Abstract

Four patients with protein-losing enteropathy, hypoalbuminemia and lymphocytopenia secondary to tricuspid regurgitation and rheumatic heart disease are described. Gastrointestinal protein loss was detected by 125I-albumin and 51Cr-albumin turnover studies. Following medical treatment in two patients, right atrial pressure declined and both the protein loss and lymphocytopenia were ameliorated. The immunologic response in three of the patients with tricuspid regurgitation was tested with multiple skin tests to antigens which provoke a delayed type of reaction, and in all cases responses were diminished. One patient retained a skin allograft for fifty-seven days until death. The records of a total of thirty patients with tricuspid regurgitation and of eight patients with constrictive pericarditis were reviewed. The lymphocyte counts averaged 1,420 cells per cu. mm., compared to a normal value of 2,500 cells per cu. mm.

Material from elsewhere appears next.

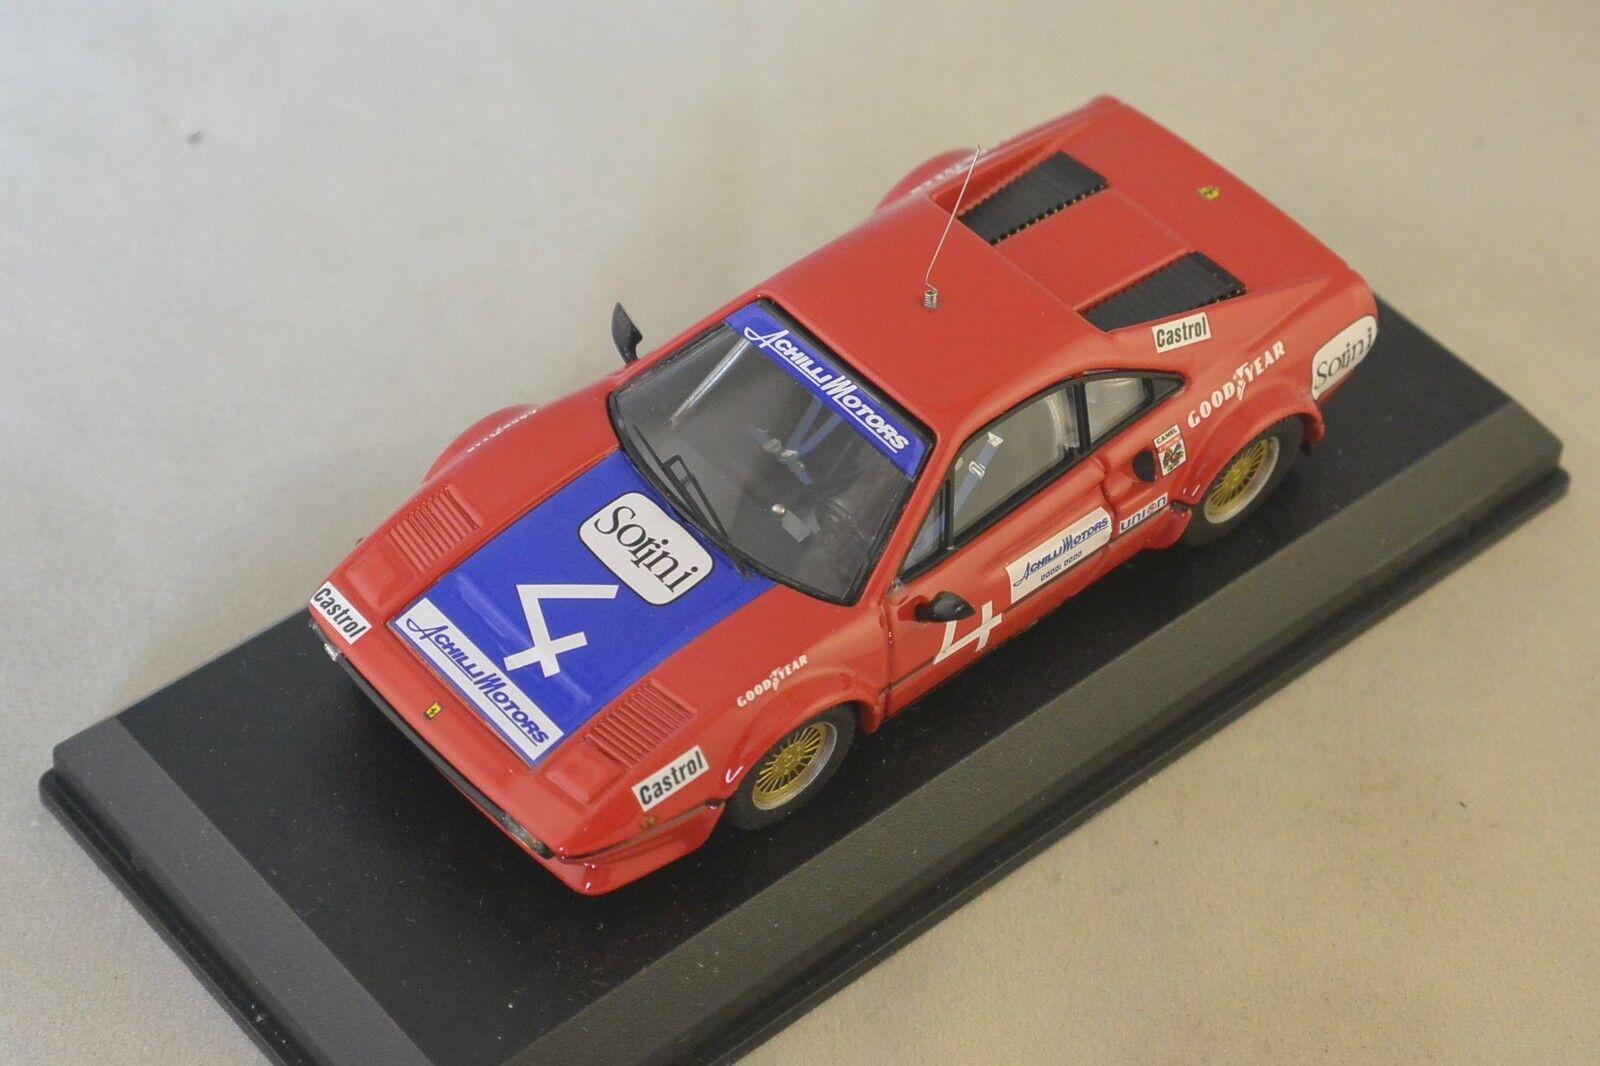 Best Best Best MODEL 9543 - Ferrari 308 GTB coupé Daytona - 1978 Bondurant 1 43 7164e3

Following operation, the lymphocyte count rose in eight of nine patients with tricuspid regurgitation and in all five patients with constrictive pericarditis. It is suggested that patients with rheumatic tricuspid regurgitation and other patients with cardiac disease associated with protein-losing enteropathy have a secondary intestinal lymphangiectasia resulting from systemic venous and lymphatic hypertension. The lymphangiectasia leads to loss of protein-rich and lymphocyte-rich lymph into the gastrointestinal tract. The protein loss leads to hypoproteinemia and the lymphocyte loss presumably explains the immunologic deficiency.